What this little tree is telling you is that you leak *one refcount*
overall on object `0x00253ab0`. But, more specifically, it shows you
that:

-   `NS_NewFoo()` "leaks" a refcount. This is probably "okay"
    because it's a factory method that creates an `AddRef()`-ed object.
-   `DoSomethingWithFooAndReturnItToo()` leaks *two* refcounts.
    Hmm...this probably isn't okay, especially because...
-   `main()` is back down to leaking *one* refcount.

So from this, we can deduce that `main()` is correctly releasing the
refcount that it got on the object returned from
`DoSomethingWithFooAndReturnItToo()`, so the leak *must* be somewhere in
that function.

So now say we go fix the leak in `DoSomethingWithFooAndReturnItToo()`,
re-run our trace, grovel through the log by hand to find the object that
corresponds to `0x00253ab0` in the new run, and run `make-tree.pl`. What
we'd hope to see is a tree that looks like:

    .root: bal=0
      main: bal=0
        DoSomethingWithFooAndReturnItToo: bal=1
          NS_NewFoo: bal=1

That is, `NS_NewFoo()` "leaks" a single reference count; this leak is
"inherited" by `DoSomethingWithFooAndReturnItToo()`; but is finally
balanced by a `Release()` in `main()`.

## Hints

Clearly, this is an iterative and analytical process. Here are some
tricks that make it easier.

**Check for leaks from smart pointers.** If the leak comes from a smart
pointer that is logged in the XPCOM_MEM_COMPTR_LOG, then
find-comptr-leakers.pl will find the exact stack for you, and you don't
have to look at trees.

**Ignore balanced trees**. The `make-tree.pl` script accepts an option
`--ignore-balanced`, which tells it *not* to bother printing out the
children of a node whose balance factor is zero. This can help remove
some of the clutter from an otherwise noisy tree.

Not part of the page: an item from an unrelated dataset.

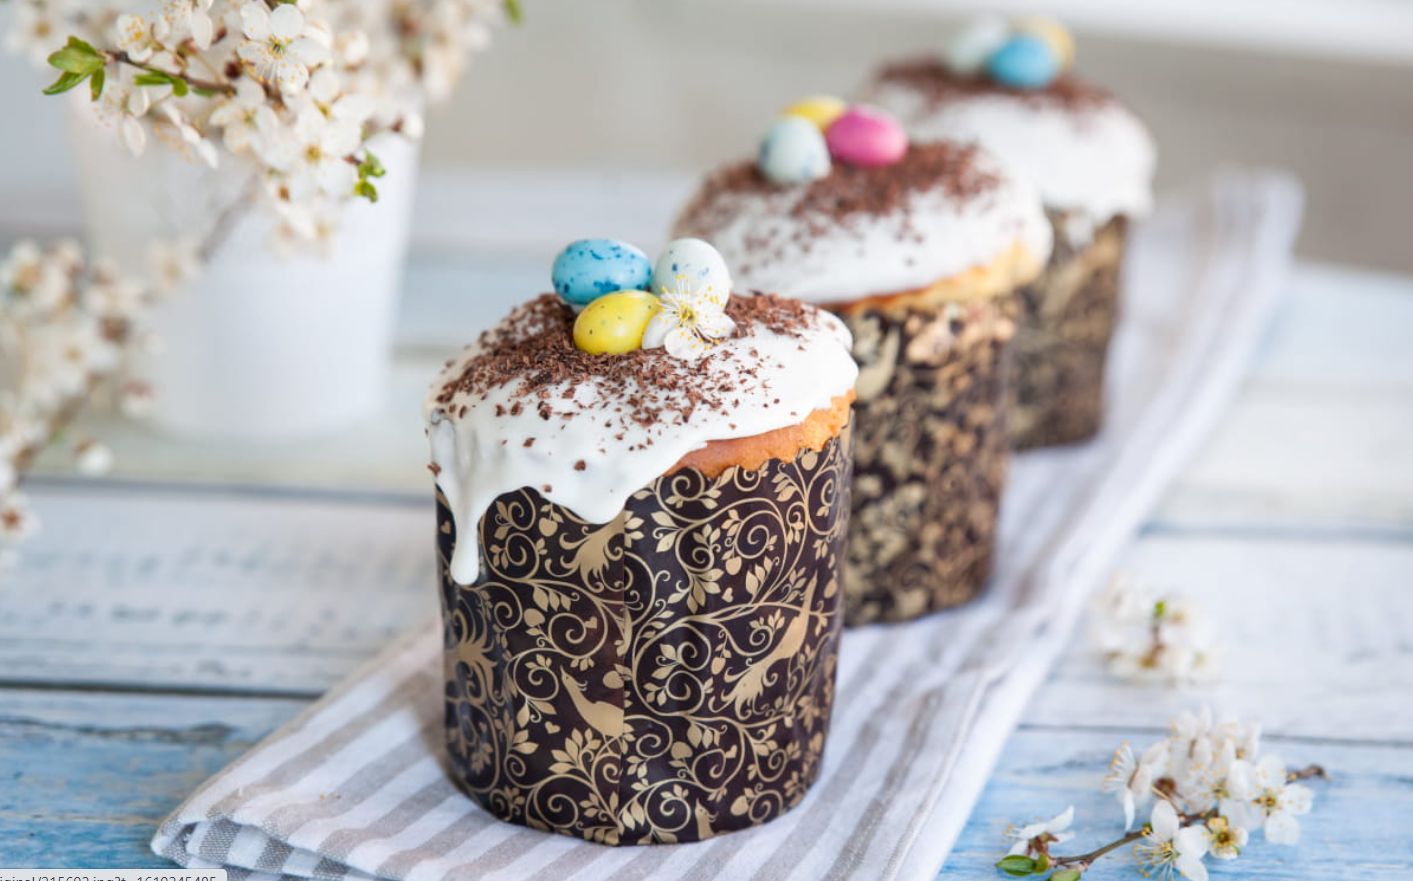 How to make a fluffy Easter cake

**Ignore matched releases from smart pointers.** If you've checked (see
above) that the leak wasn't from a smart pointer, you can ignore the
references that came from smart pointers (where we can use the pointer
identity of the smart pointer to match the AddRef and the Release). This
requires using an XPCOM_MEM_REFCNT_LOG and an XPCOM_MEM_COMPTR_LOG that
were collected at the same time. For more details, see the [old
documentation](http://www-archive.mozilla.org/performance/leak-tutorial.html)
(which should probably be incorporated here). This is best used with
`--ignore-balanced`

**Play Mah Jongg**. An unbalanced tree is not necessarily an evil thing.
More likely, it indicates that one `AddRef()` is cancelled by another
`Release()` somewhere else in the code. So the game is to try to match
them with one another.

**Exclude Functions.** To aid in this process, you can create an
"excludes file", that lists the name of functions that you want to
exclude from the tree building process (presumably because you've
matched them). `make-tree.pl` has an option `--exclude [file]`, where
`[file]` is a newline-separated list of function names that will be
*excluded* from consideration while building the tree. Specifically, any
call stack that contains that call site will not contribute to the
computation of balance factors in the tree.

## How to instrument your objects for refcount tracing and balancing

The process is the same as instrumenting them for BloatView because BloatView
and refcount tracing share underlying infrastructure.